My wonderful faith is what got me through the unwelcome and unexpected membership in a group I never imagined I'd be in--those who have lost loved ones to suicide. There are so many more added burdens with this kind of death. In order to try to make sense of it, loved ones secretly or openly wonder what they did to cause it or what they could have done to prevent it. Just after our son died, October conference blessed our lives. Our Prophet, President Monson gave the very advice we needed when he said not to play the "if only" or "what if" game. It is not productive and serves only to needlessly torture us. This is especially true for mothers, who feel so responsible for children and what becomes of them.
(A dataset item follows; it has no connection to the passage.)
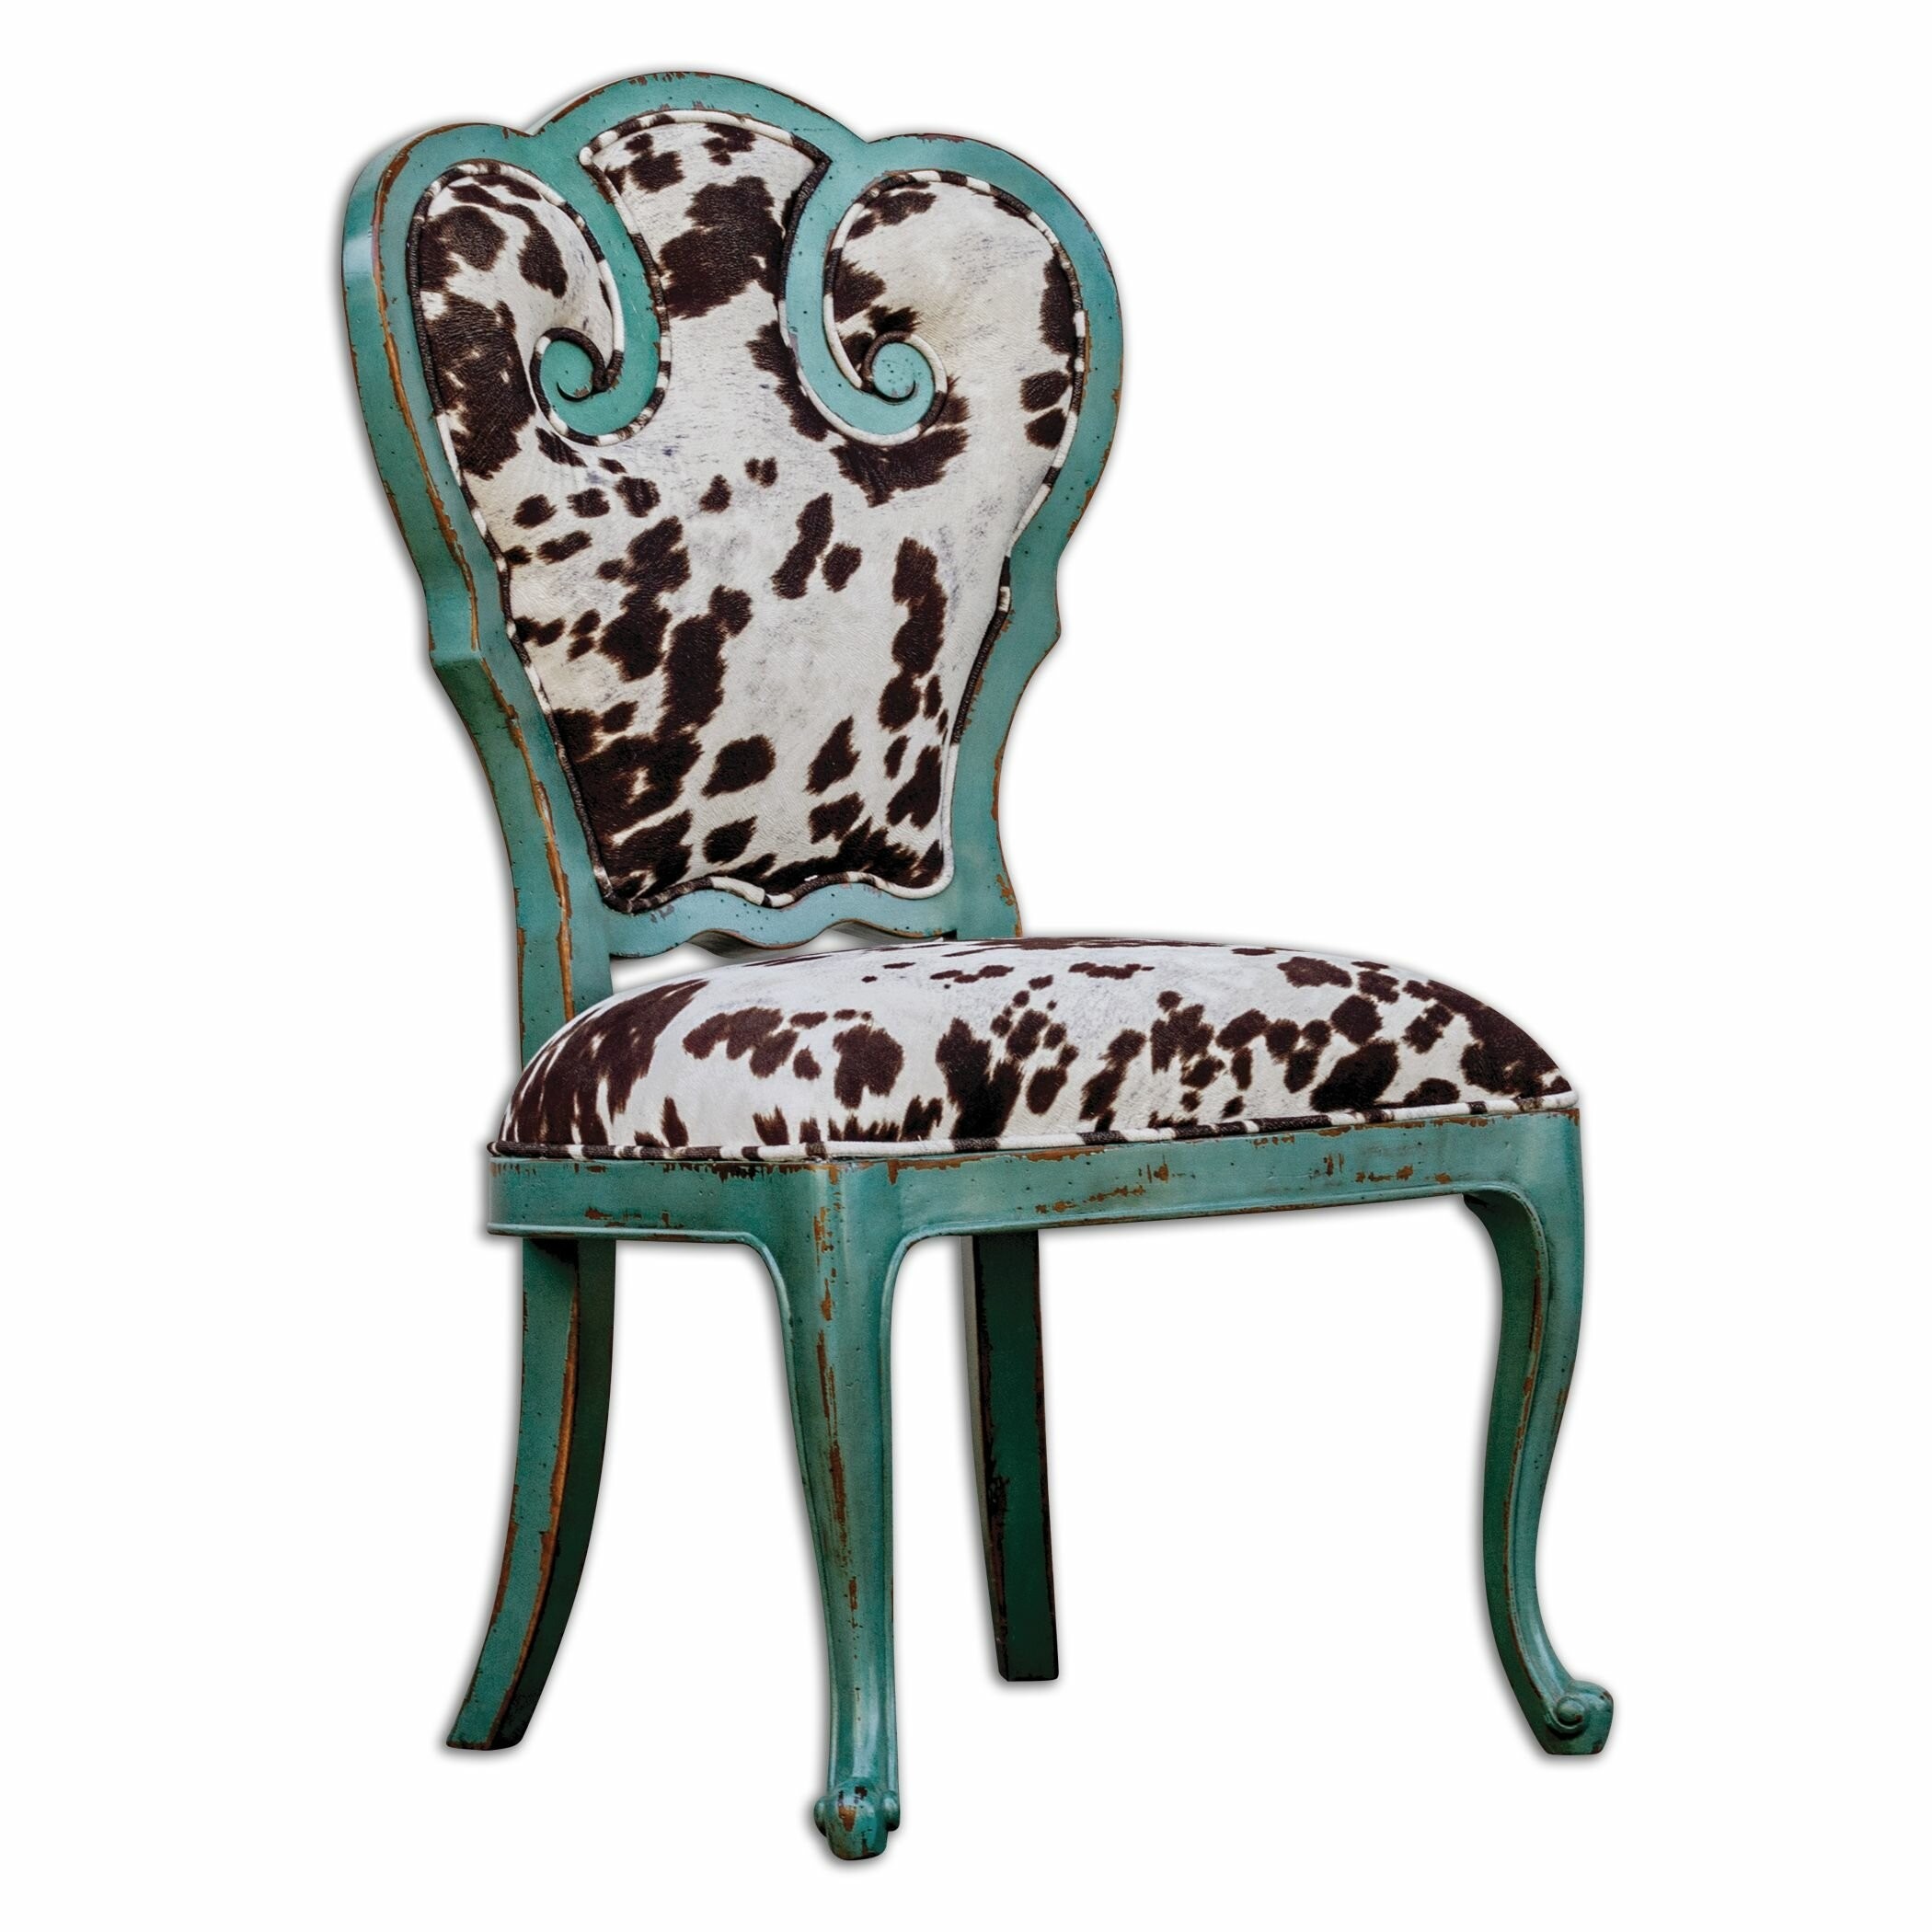 Retro Aqua Blue Scroll Side Chair with Cow Print Cushion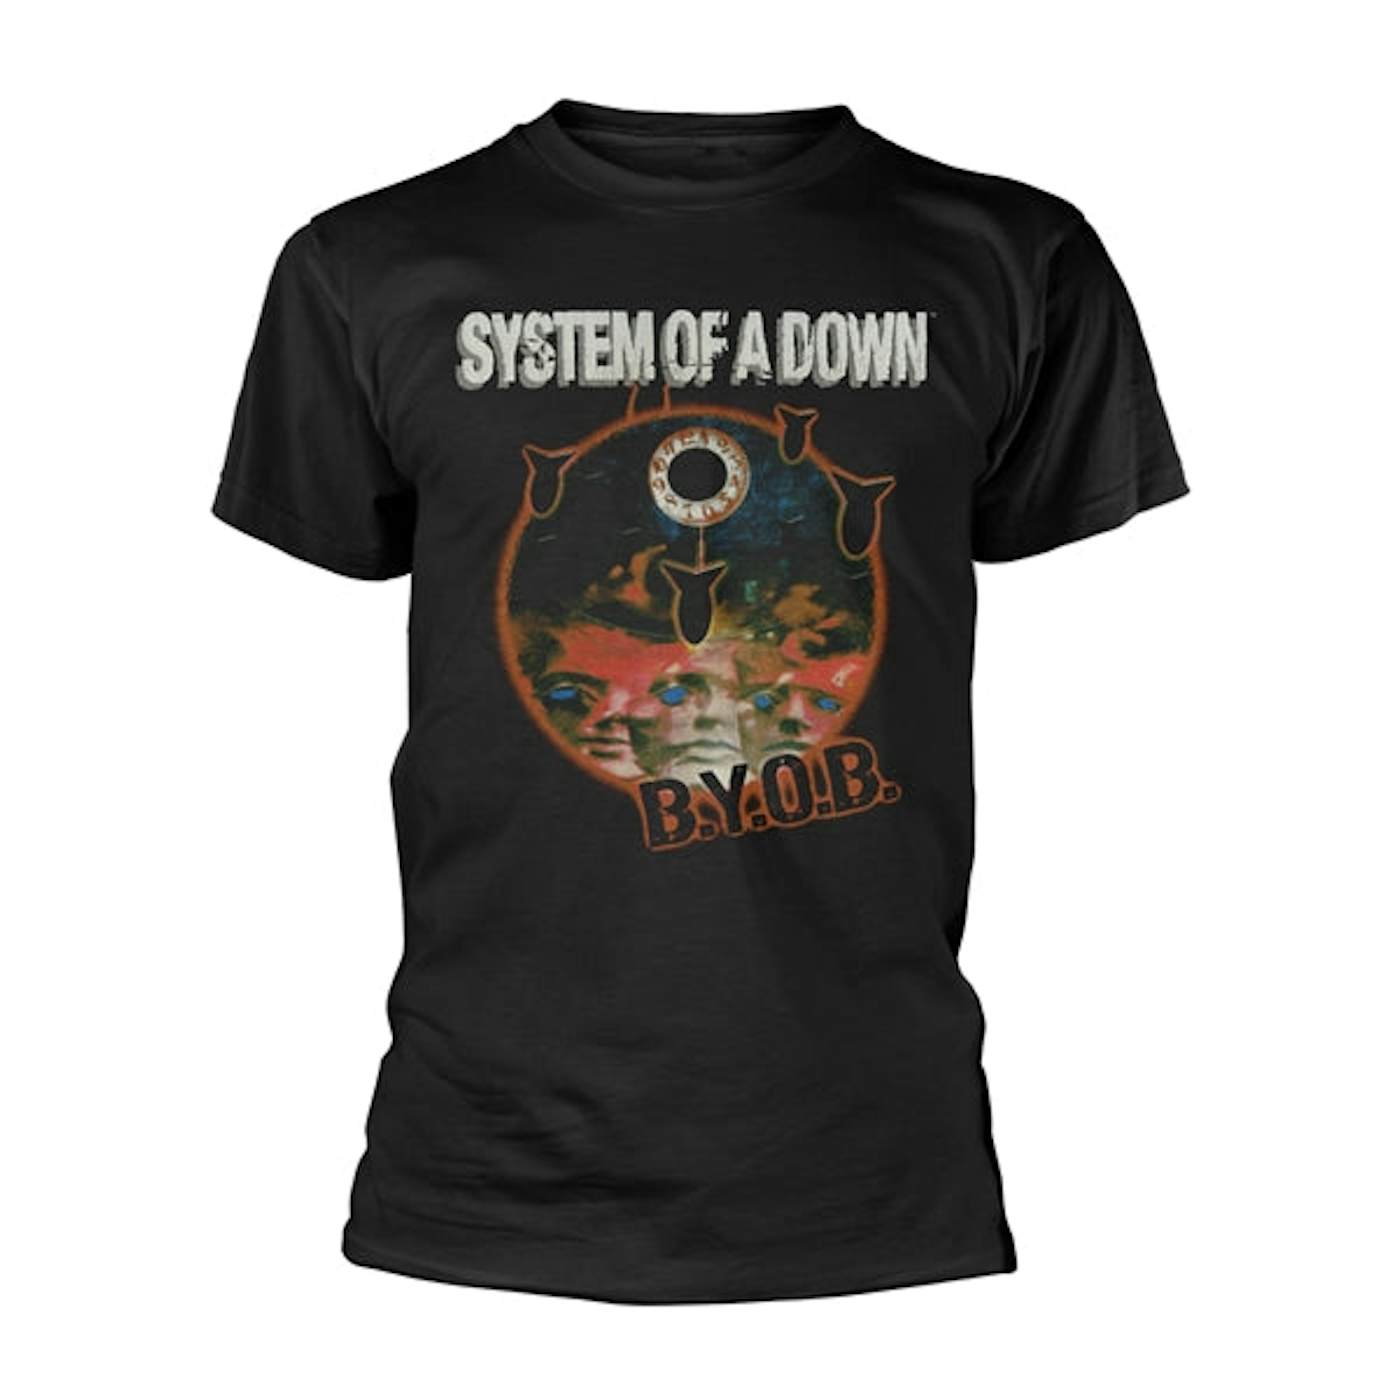 System Of A Down T Shirt - B.Y.O.B.

When a mother loses a child, especially to death through suicide, her thoughts beg the question, "What will be the disposition of my child in the next life?" The Gospel of Jesus Christ taught me that illness (depression or other illness) is not transgression and that through the Atonement of our Savior, we can live with our son again and be an eternal family. What comforting doctrine! Right after he died, I remember having a period when my grief knew no bounds and it felt like my energy and spirit were being absorbed into a vast space. But my father gave me a Priesthood Blessing that gave me such comfort and by the time the funeral was over, I had a strange but very welcome feeling descend on me--one of profound gratitude! This sweet feeling stayed with me a long time and felt like a pillow around my heart that wouldn't let the stabbing pain in. Even though I had to go through the grieving process, and it is a long process, I was given the gift of comfort and peace. It's been 15 years since we lost our son. I've been asked how long the grief lasts. I don't think it ever really goes away, but it gets softer, and that is tender mercy. I love the Lord SO MUCH and am now serving a mission with my husband to try to pay Him back for the many blessings he's given us.